As for $H(K,-)(f:L\to L')=H(\text{id}_K,f)$ is a functor for defining on morphism. In terms of mapping notation, it translates to $((K,L)\xrightarrow{f}(K,L'))\xrightarrow{H}(H(K,L)\xrightarrow{Hf}H(K,L'))=H(\text{id}_K,L)\xrightarrow{Hf}H(\text{id}_K,L').$ I am not sure if that is the correct interpretation. If so, for the case of defining functor for composition of morphism, would it mean: $H(K,-)(f\circ g:L\to L'\to L'')=H(\mathrm{id}_K,f\circ g)=H(\mathrm{id}_K,f)\cdot H(\mathrm{id}_K, g)?$ Then to show the correctness of this equational identity.
Might it be the following: $H(K,-)(f\circ g:L\to L'\to L'')=[((K,L)\xrightarrow{f}(K,L'))\xrightarrow{H}(H(K,L)\xrightarrow{Hf}H(K,L'))] \cdot [((K,L)\xrightarrow{g}(K,L'))\xrightarrow{H}(H(K,L')\xrightarrow{Hg}H(K,L''))]=[H(\text{id}_K,L)\xrightarrow{Hf}H(\text{id}_K,L')]\cdot [H(\text{id}_K,L')\xrightarrow{Hg}H(\text{id}_K,L'')]=H(\mathrm{id}_K,f)\cdot H(\mathrm{id}_K, g)=H(\mathrm{id}_K,f\circ g).$ I am not sure if this is correct.
Let's denote $H(K,-)$ by $G$. So, $G(X)=H(K,X)$ on objects and $G(f)=H(1,f):G(X)\to G(X')$ for $f:X\to X'$. I interchange "$1$" and "$\mathrm{id}_K$" at my convenience. They represent the same thing.

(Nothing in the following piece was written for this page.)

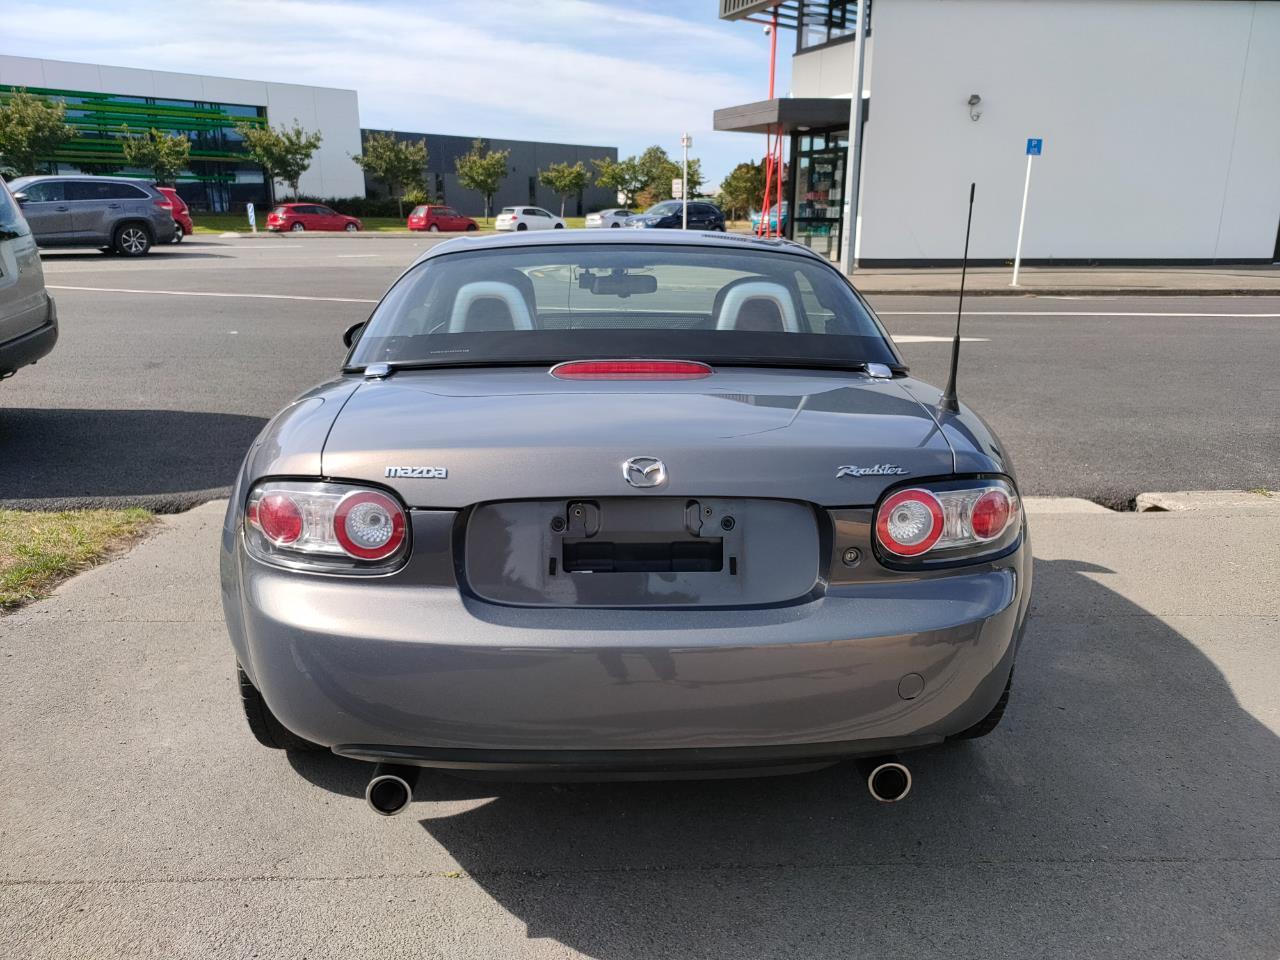 image-3, 2006 Mazda Roadster at Christchurch

In my opinion, this means nothing. It looks like an attempt to use domain-codomain-mapping notation for a function, e.g. $f:\Bbb R\to\Bbb R:\,x\mapsto x^2$ but $(K,-)$ is neither a 'domain' nor an object of a domain and $H(K,-)=(K,L)$ is (sorry) just nonsense.
The 'mapping notation' you use; it's not correct and it also has great potential to be confusing, I would recommend you avoid using it until you're confident about what goes where.
$f$ is not supposed to be an arrow $(K,L)\to (K,L')$; in making sense of the functor $G=H(K,-)$ we would only consider arrows in $\mathbf{L}$ not $\mathbf{K}\times\mathbf{L}$, so I'd expect to see $f:L\to L'$. Then we have a bit of an error-carried-forward; I don't want to see $Hf:H(K,L)\to H(K,L')$, I want to see $G(f)=H(1,f):H(K,L)\to H(K,L')$.
Then $H(\mathrm{id}_K,L)$ etc. is just ... meaningless, $\mathrm{id}_K$ is an arrow of $\mathbf{K}$ and almost never denotes an object of $\mathbf{K}$, and $L$ is an object not an arrow. $H(\text{arrow},\text{arrow})$ makes sense and $H(\text{object},\text{object})$ makes sense - $H(\text{arrow},\text{object})$ does not make sense, sadly.
However, your 'proof' for this is problematic because it is using the erroneous/confusing/meaningless 'mapping notation'.
So, how do we show $H(1,f\circ g)=H(1,f)\circ H(1,g)$? Here's my hint: try to use the fact $H$ itself is a functor - the right hand side is a composition of type $H(\text{arrow})\circ H(\text{arrow})$, so you should be able to use (one of) the defining feature(s) of a functor to resolve this expression.